[[ GIVEN MATERIAL open ]]

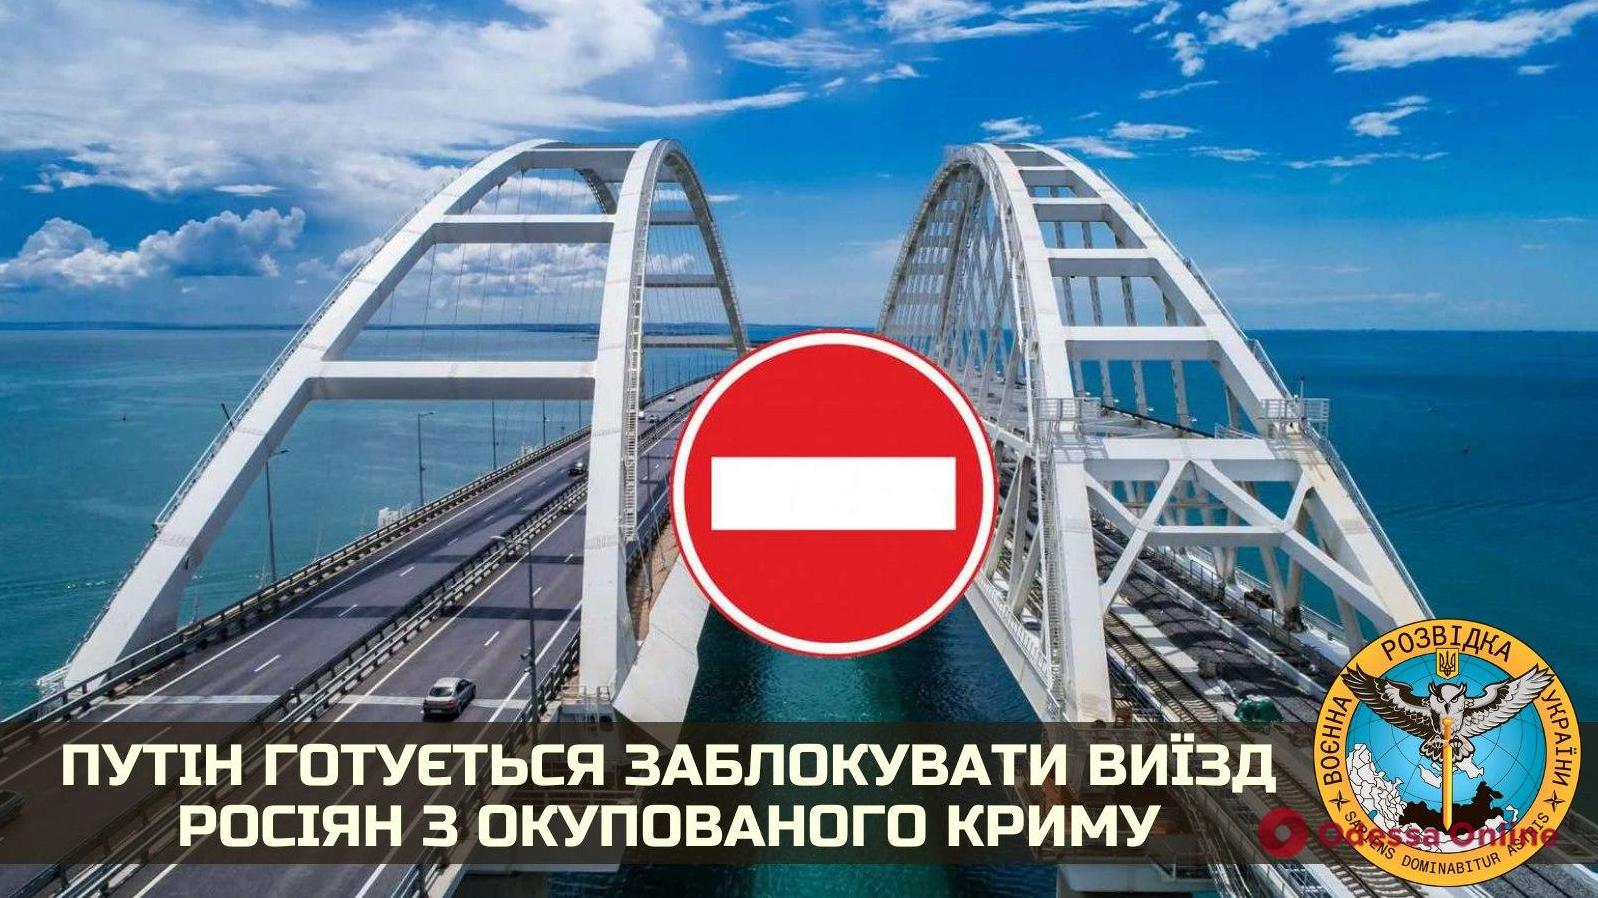 Стаття Путин готовится перекрыть Керченский мост: 600 тысяч человек окажутся в заложниках Ранкове місто. Київ
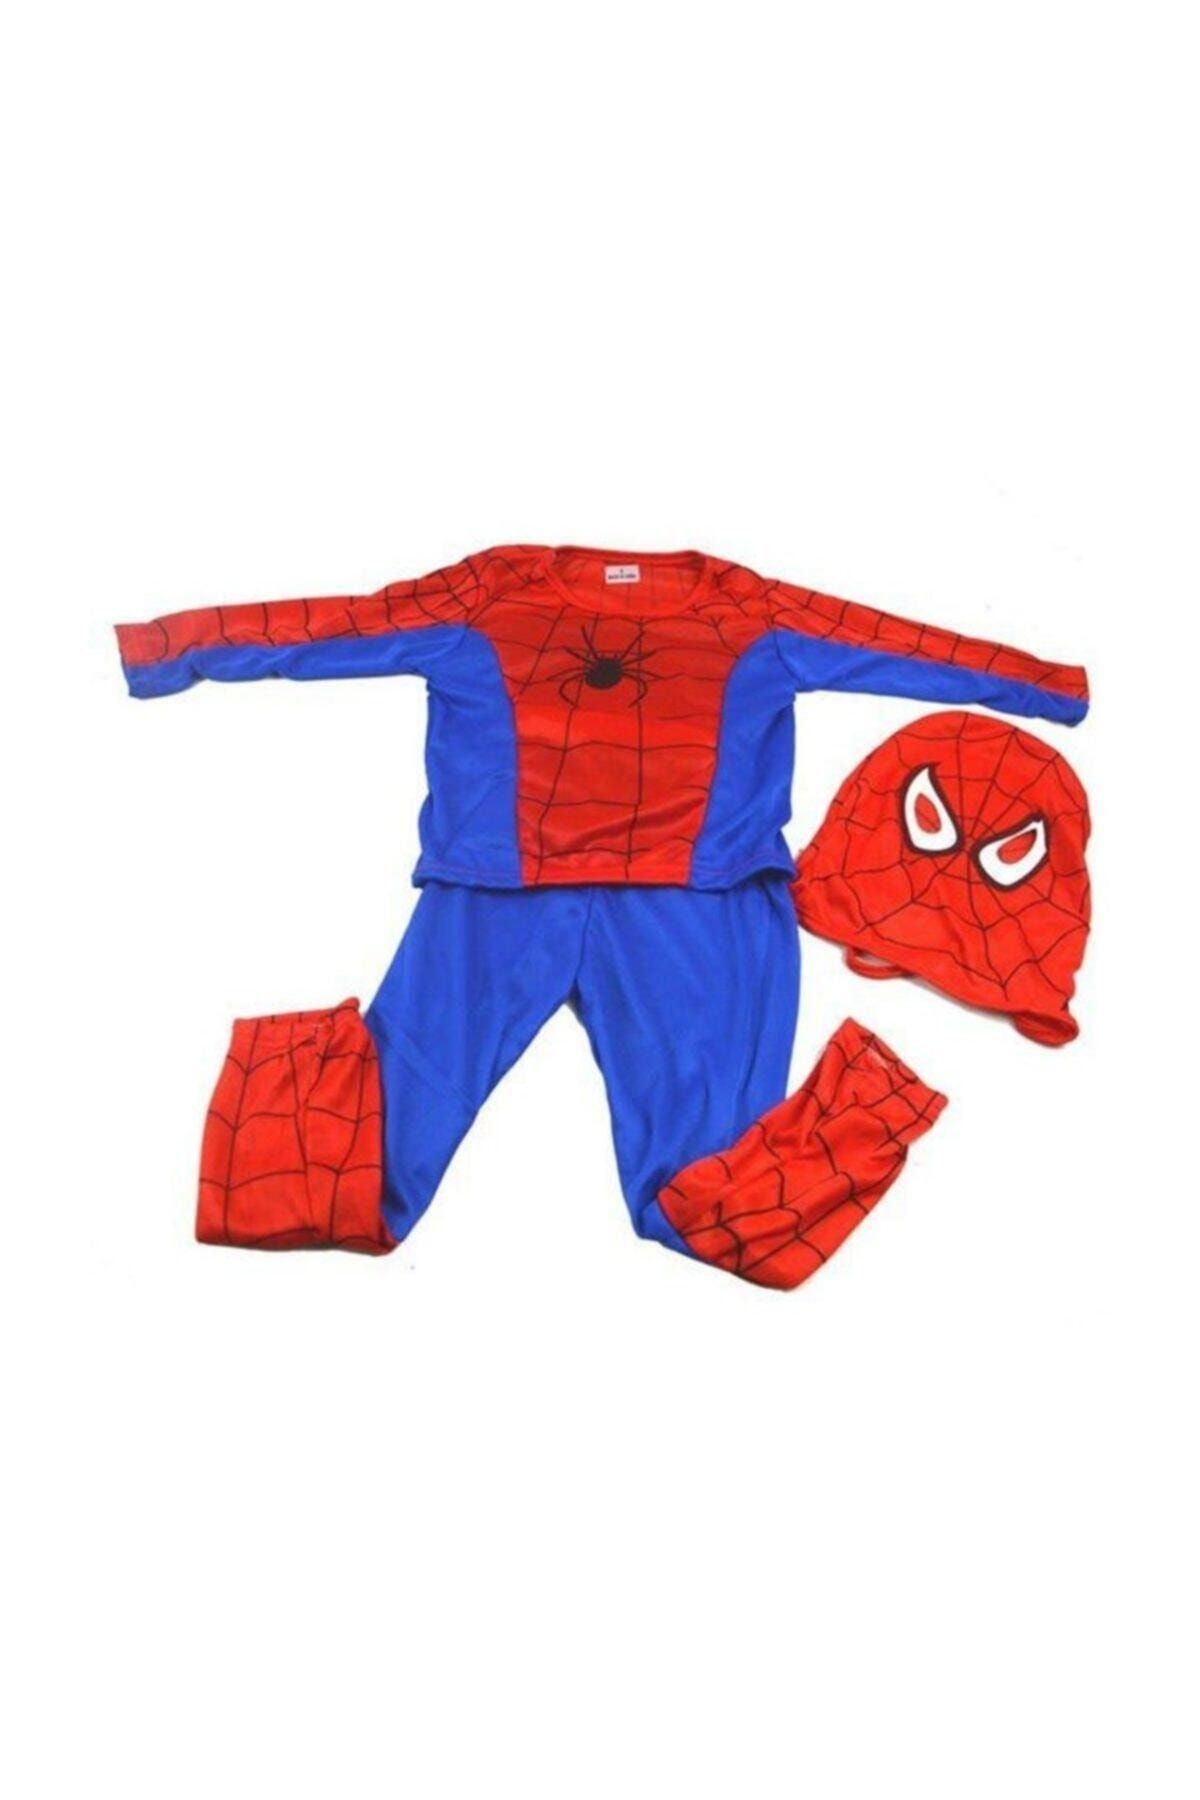 Evistro Spiderman Örümcek Adam Çocuk Kostümü M Beden 5-7 Yaş
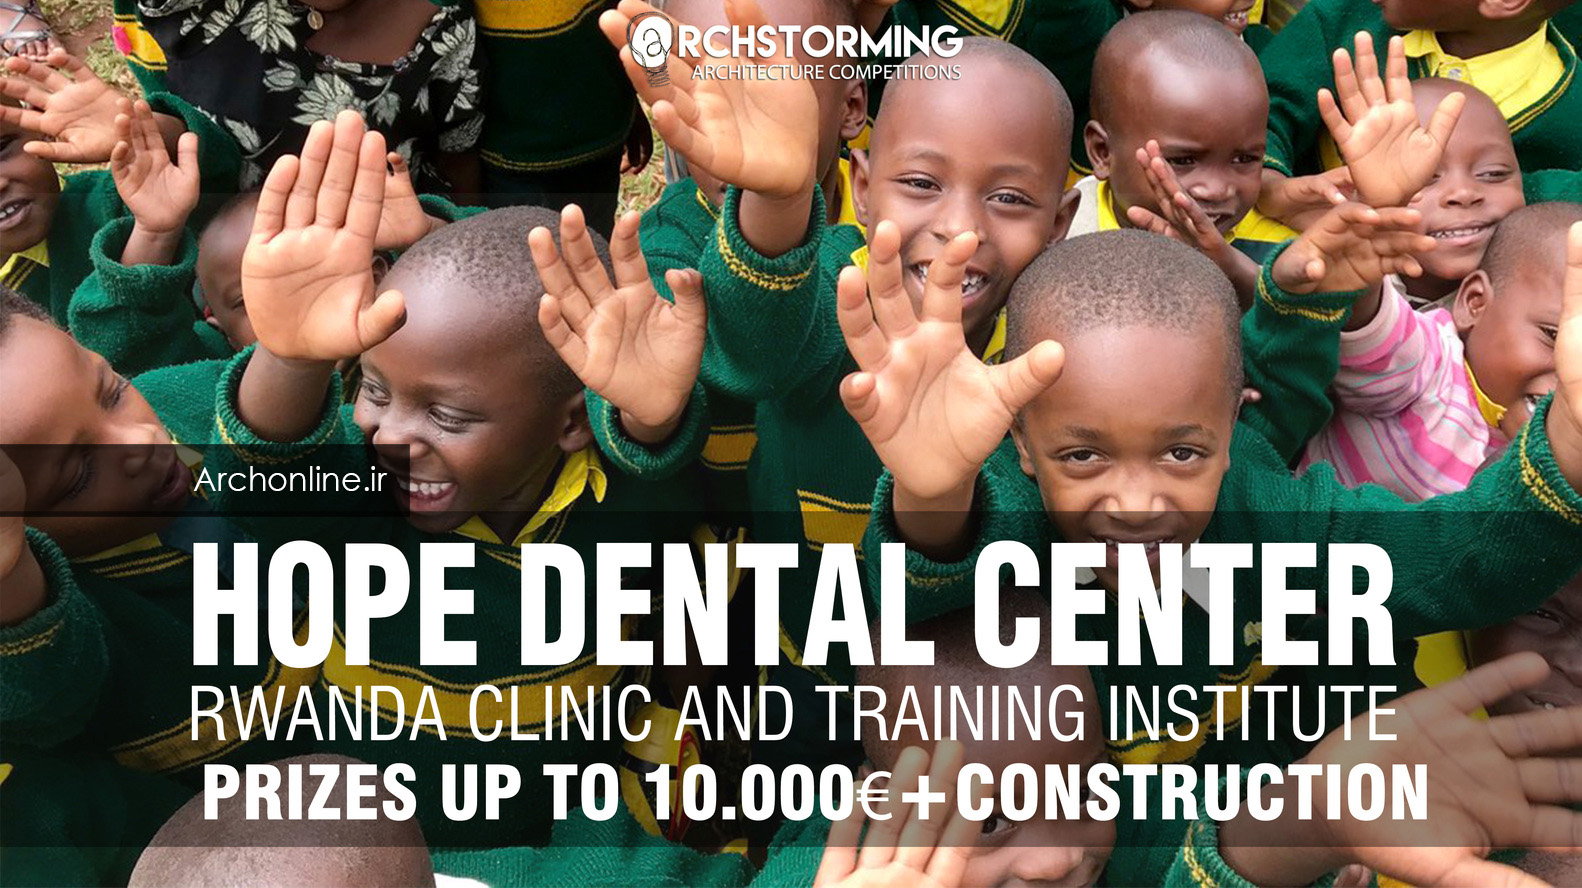 فراخوان طراحی مرکز دندانپزشکی: کلینیک و انستیتوی آموزش Rwanda
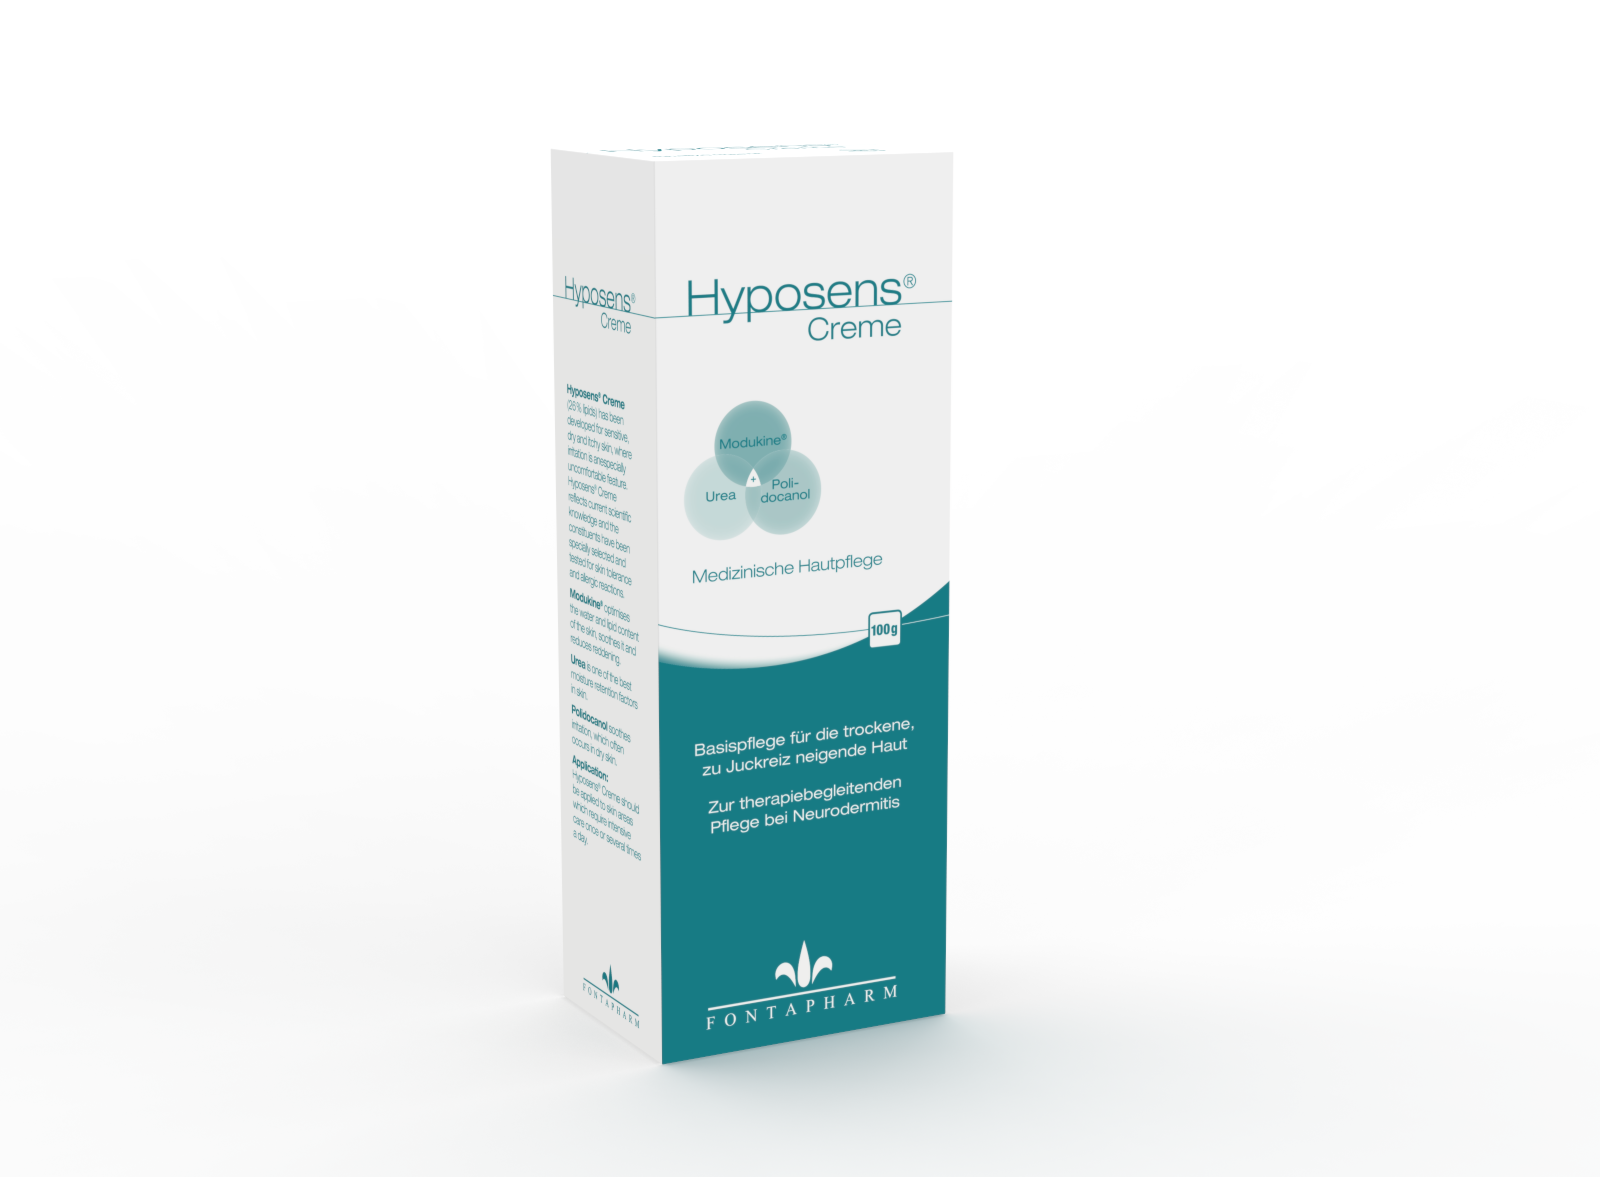 Hyposens, die Creme für die extrem trockene, juckende Haut und Neurodermitis mit 0,5% Modukine, 2,5% Polidocanol und 5% Urea

[[ GIVEN MATERIAL closed ]]

YOUR OBJECTIVE: Write out exactly, and only, the lines from the line holding "فراخوان طراحی مرکز" through the end of the data, inclusive, without any pictures.

WRITTEN RESPONSE:
 فراخوان طراحی مرکز دندانپزشکی: کلینیک و انستیتوی آموزش Rwanda
 Hyposens, die Creme für die extrem trockene, juckende Haut und Neurodermitis mit 0,5% Modukine, 2,5% Polidocanol und 5% Urea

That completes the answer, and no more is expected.